The EC authorisation is based on clinical data from two Phase 3 trials in a total of more than 10,000 patients, which established the safety, immunogenicity and efficacy of Supemtek
France-based Sanofi has secured the European Commission (EC) approval to market its quadrivalent recombinant vaccine Supemtek, against influenza in adults aged 18 years and above.
The French pharmaceutical firm said that Supemtek is the first and only recombinant influenza vaccine approved in the European Union (EU).
Supemtek is manufactured using recombinant technology, which ensures the use of components exactly similar to that of the influenza strains, as recommended by the World Health Organization (WHO)
The recombinant technology is an advanced way of producing influenza vaccines, which eliminates the risk of viral mutations that potentially reduce vaccine efficacy.
Also, the quadrivalent recombinant vaccine is said to contain three times more antigen compared to both egg-based and cell-based standard-dose vaccines.
The enhanced amount of antigen and recombinant technology would offer improved protection against influenza, particularly in people aged 50 years and above, said the company.
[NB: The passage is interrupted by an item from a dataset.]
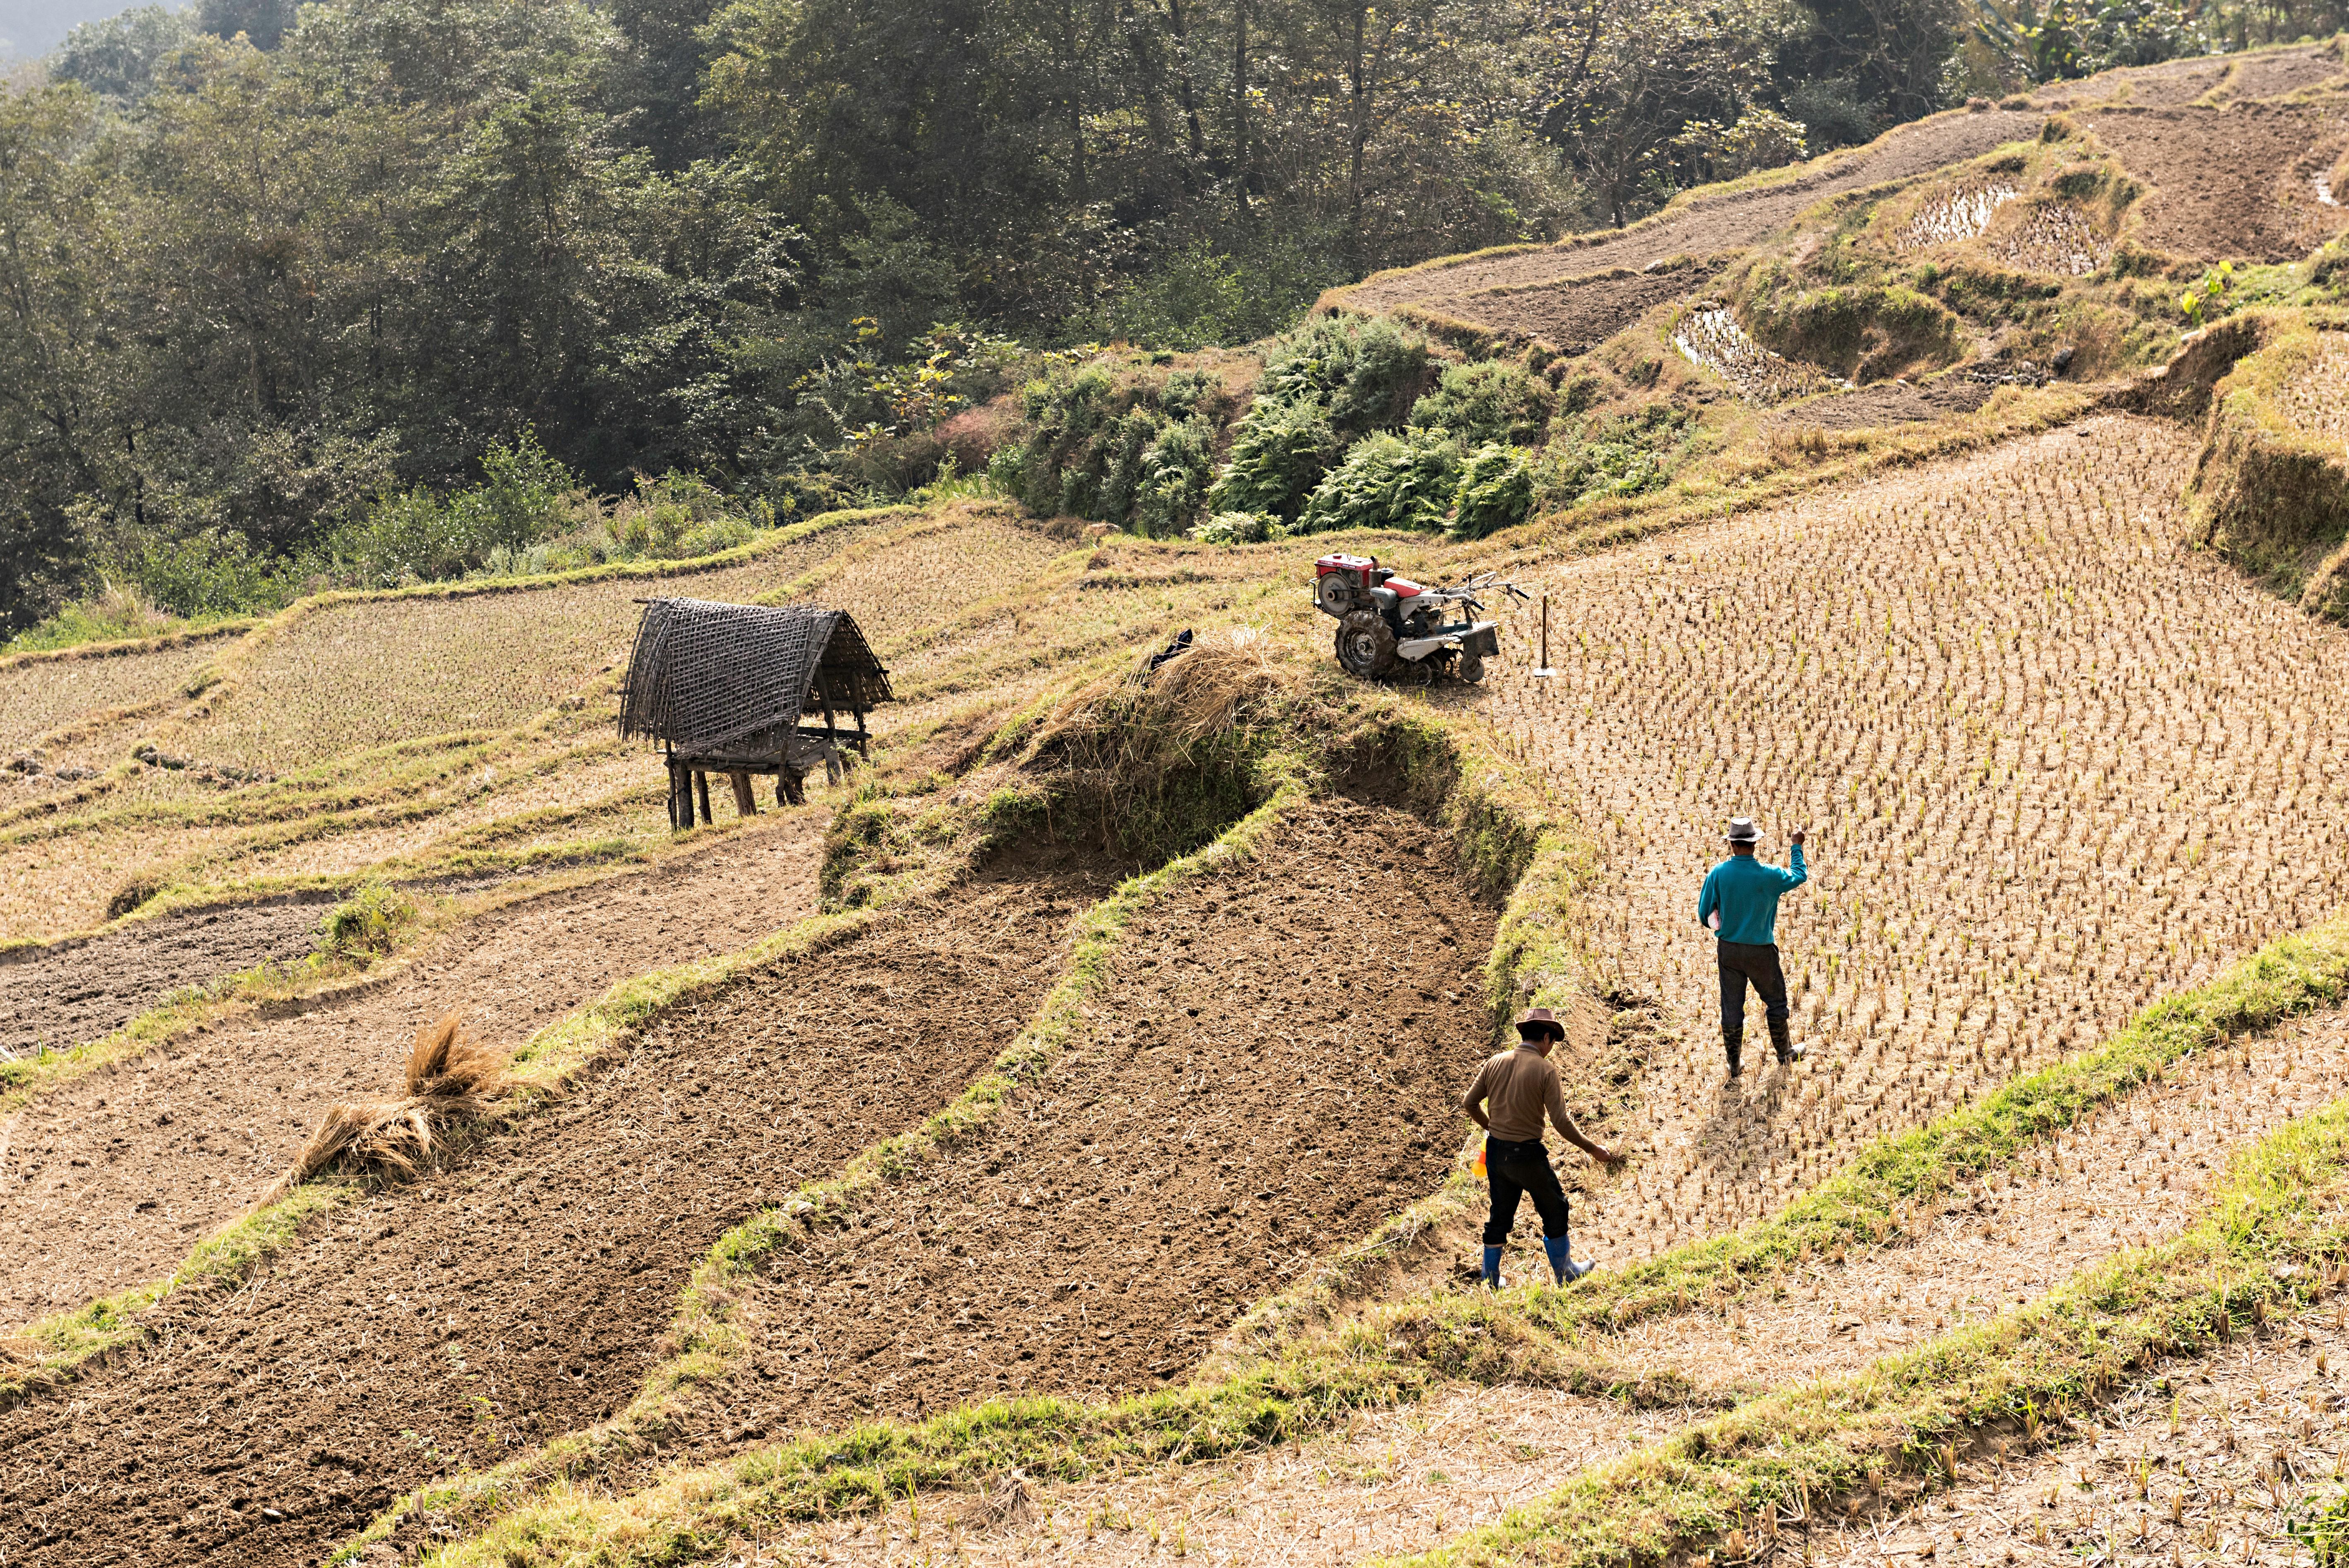 La siembra de arroz es una de las principales actividades agrícolas que se practican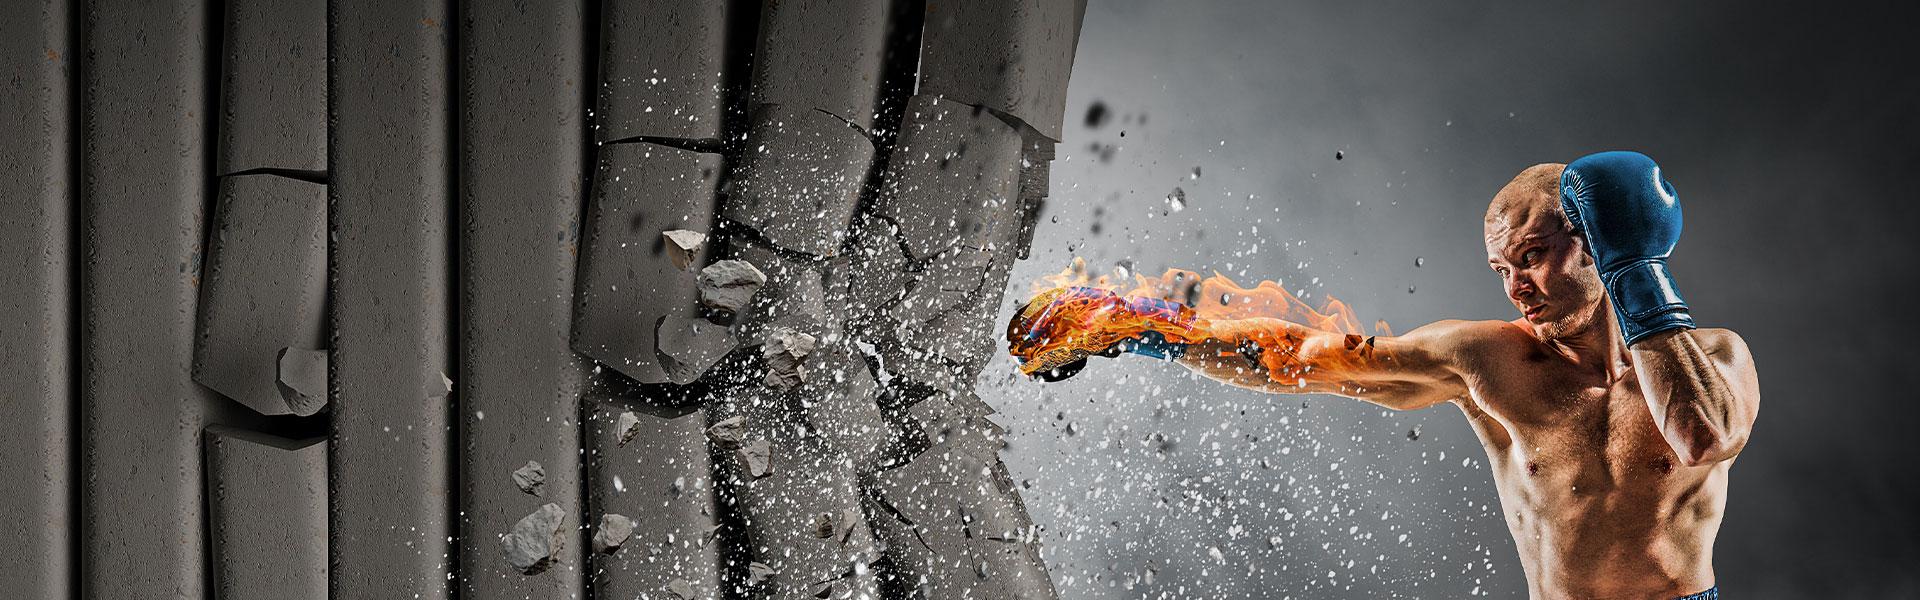 Werde ein Truck-Spezi - Mache eine Ausbildung zum KFZ-Elektriker.

European Centre for Disease Prevention said: “The recombinant haemagglutinin was found to provide a greater protective effect against overall influenza compared with no vaccination and with traditional influenza vaccination.
“This effect may be attributable to either the restriction of mutations seen with egg-based vaccines or the higher dose of antigen seen in this type of influenza vaccine”.
The EC authorisation is based on clinical data from two Phase 3 trials in a total of more than 10,000 patients, which established the safety, immunogenicity and efficacy of Supemtek.
A Phase 3 multicentre randomised controlled efficacy trial demonstrated the relative efficacy of Supemtek, in more than 9,000 adults, at 40 outpatient centres in the US.
Supemtek has reduced the risk of influenza by an additional 30% for adults aged 50 years and older when compared to standard-dose egg-based quadrivalent influenza vaccine.
The French drugmaker intends to introduce the product in European Union in the 2022/2023 influenza season, and accelerate the availability of doses as early as the 2021/2022 season in certain countries.
Furthermore, Supemtek is also approved outside of the EU, in the US under the brand name Flublok Quadrivalent.
Sanofi Pasteur head Thomas Triomphe said: “In the context of the COVID-19 pandemic, preventing influenza remains a public health priority. Today’s approval of Supemtek supports our strong commitment in advancing influenza vaccine technology.
“With Supemtek, we provide European health authorities with an additional innovative solution that has demonstrated increased ability to prevent influenza and its potentially severe complications, as well as the burden this causes on healthcare systems.”